Anthropologie Gem Stones on Dining Room Accent Wall

April 11, 2019

Talk about going from boring to bold! The homeowner likes geology, didn’t like the boring beige walls, and wanted to pull in some blue to this dining room, because she has dark blue accents in the adjoining living room. What a great choice this paper is!

The paper is by York, in the Antonia Vella line, and was bought through Anthropologie – but it is available via regular wallpaper retailers, too, like my favorite source (see page at right).

This homeowner purchased her paper before I came out to measure and, like many people unfamiliar with measuring for wallpaper, she ordered too little.

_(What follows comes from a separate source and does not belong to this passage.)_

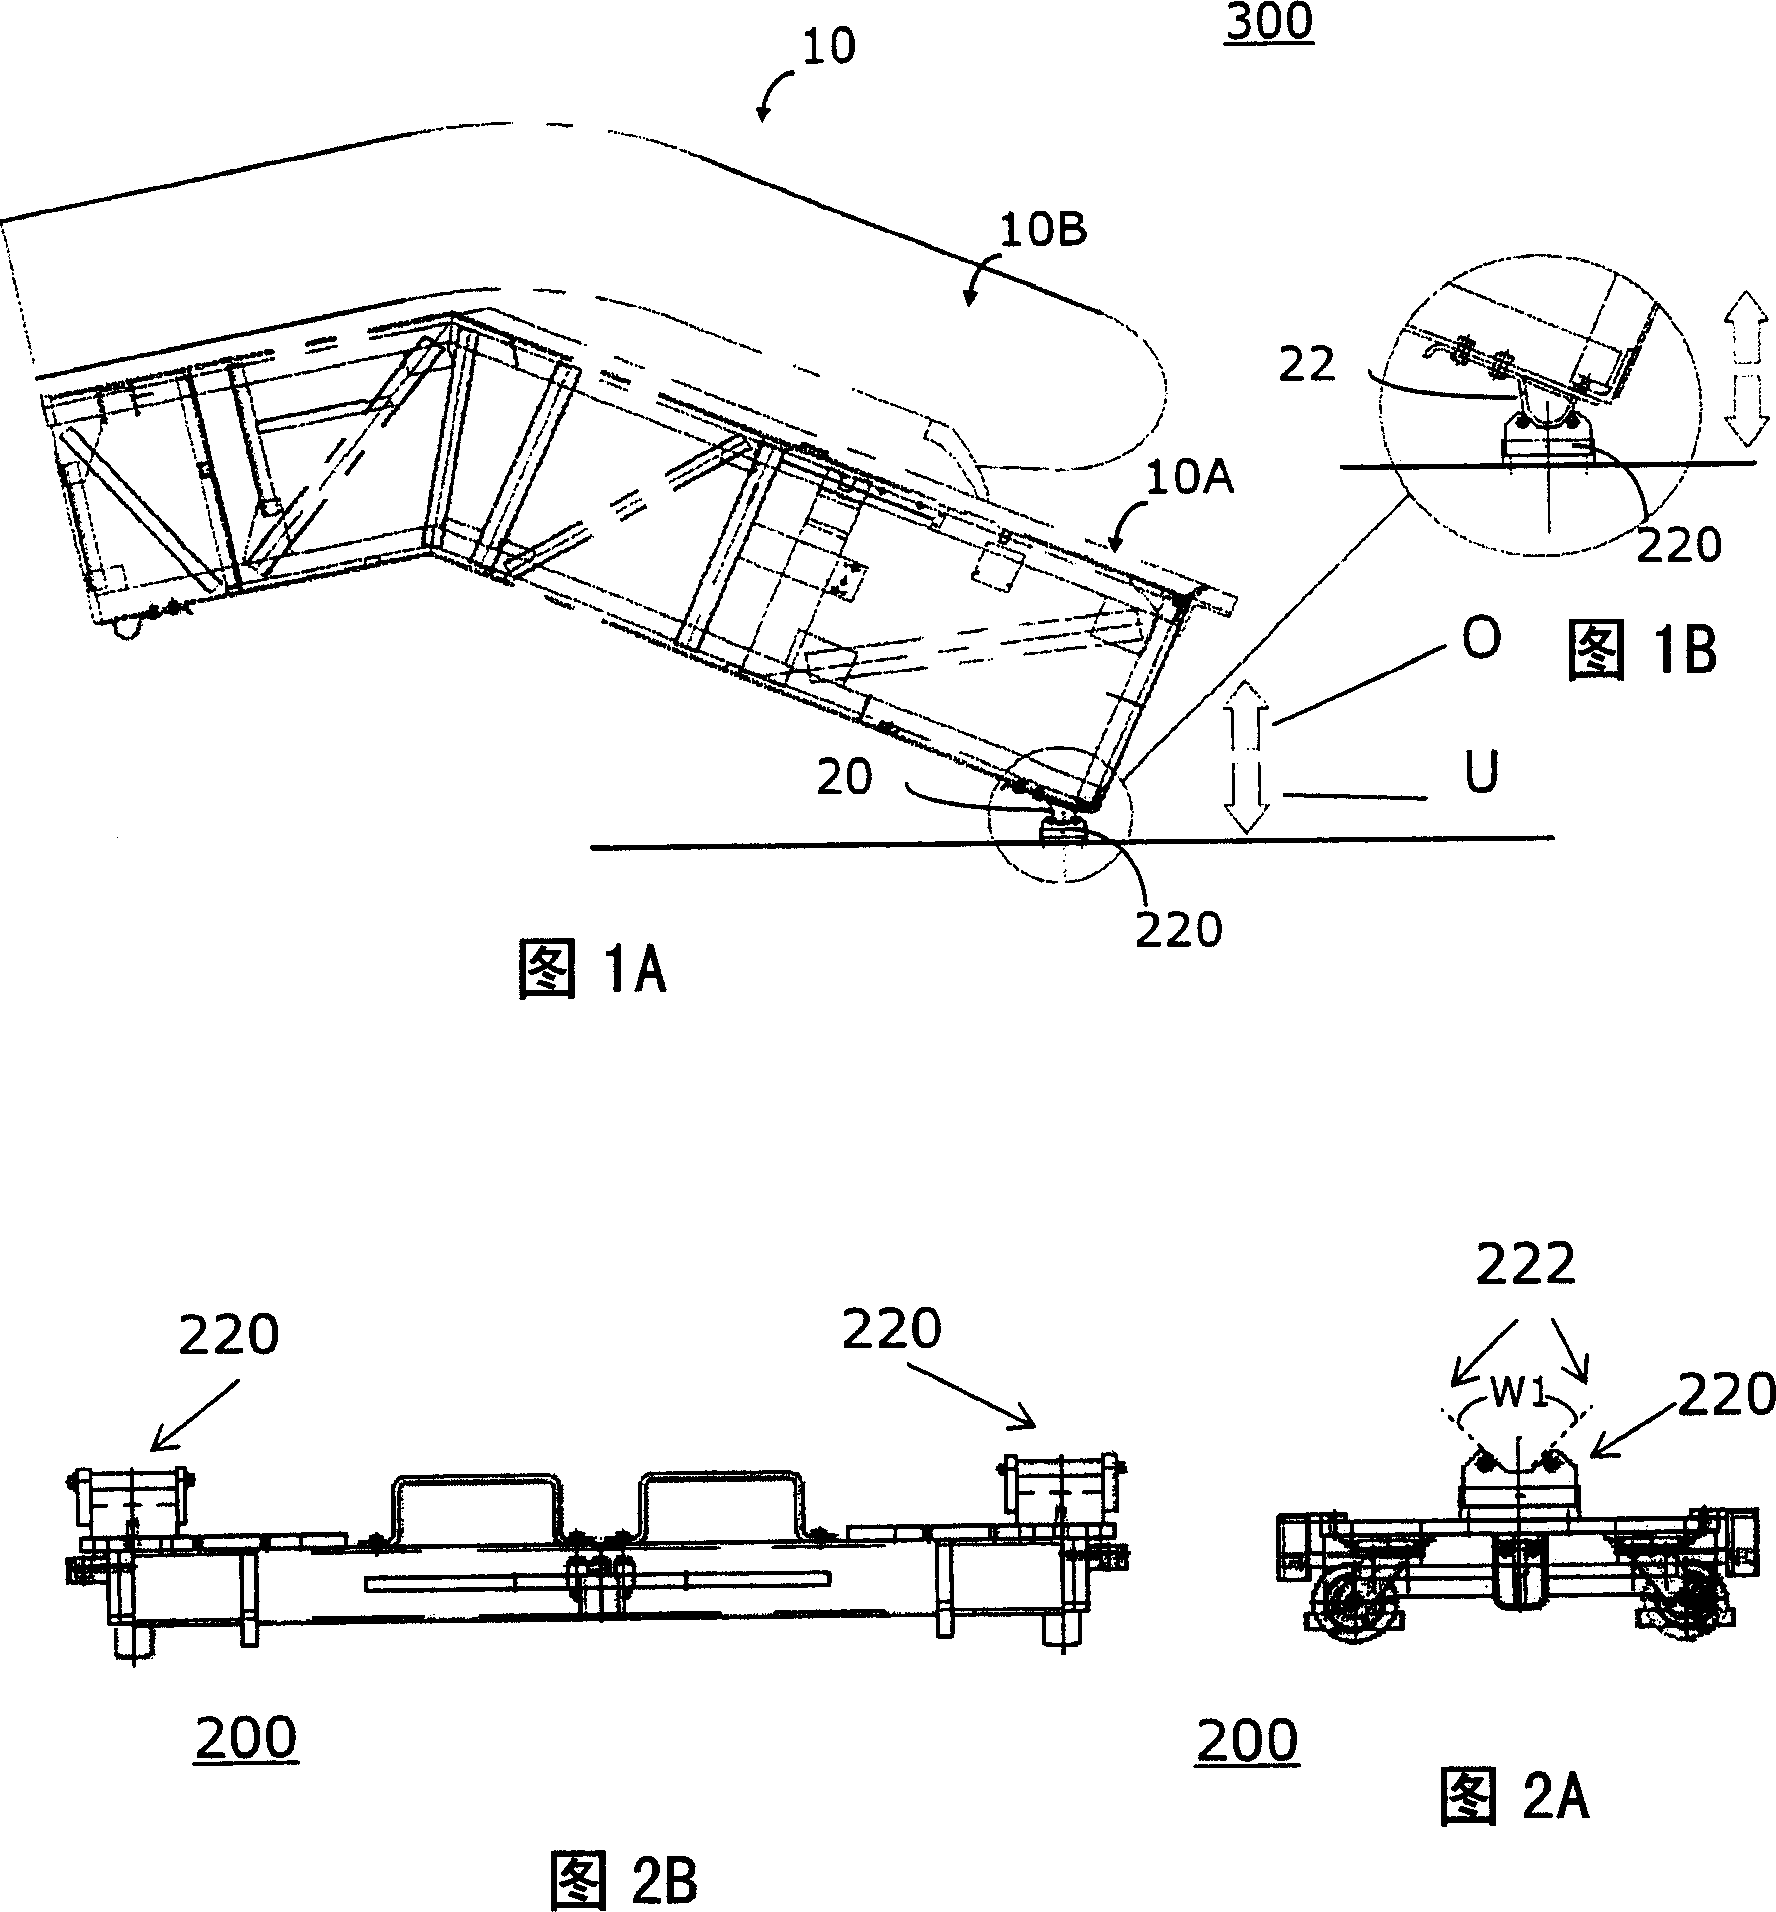 Transportation system cradle, intermediate product, assembly plant, and method for manufacturing assembly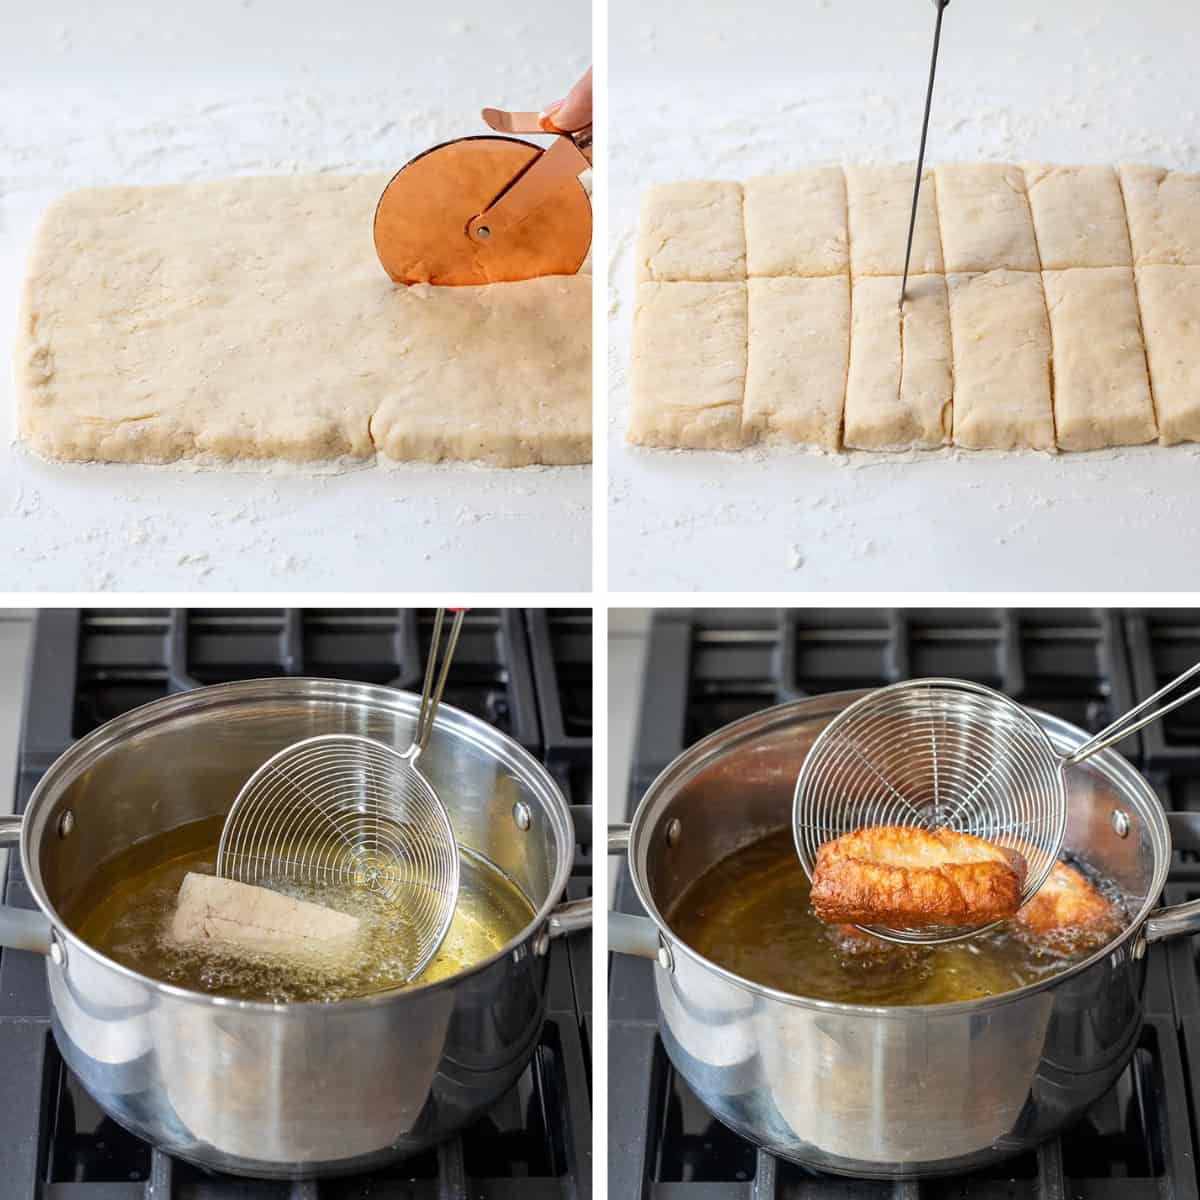 Steps for Rolling out Dough, Cutting Dough, Piercing Dough, and Frying Dough to Make Maple Bacon Donut Sticks.

So I had her order one more double roll… which, even though she requested the same run of #58, they sent run #88. I ended up needing that additional bolt for just the two short strips over the window, so the color difference between the two runs was not really very noticeable.

The dimensions in this room relative to the dimensions of the wallpaper were amazing. Because the two walls on either side of the window were symmetrical, and because the homeowners had a buffet and a china cabinet centered on each wall, I wanted to center the pattern in the middle of each wall. This meant that as the strips of paper met over the window, there would be a pattern mis-match. But since it was only 10″ high, and since the pattern was so wild, I figured I could disguise the mis-match fairly well.

What’s cool is, each of those wall spaces turned out to be just a tad less than the width of three strips of wallpaper (27″). So when I centered the first strip, and then hung one more on either side of it, only about 3/4″ needed to be trimmed off each side – and the pattern remained virtually intact. Meaning that none of the swoopy lines got chopped off vertically.

And then, as I was bringing the two pieces over the window together in the center of the window, it turned out that the width of the window was amazingly just a smidgen less than the width of the two strips of wallpaper. So when the two strips met in the middle, there wasn’t much of a pattern mis-match at all. Only about an inch of paper was lost, and the pattern was not disrupted visually much at all.

I don’t think I’ve ever hung wallpaper on a wall where the dimensions worked out so miraculously perfectly.

This home is in the Timbergrove neighborhood of Houston.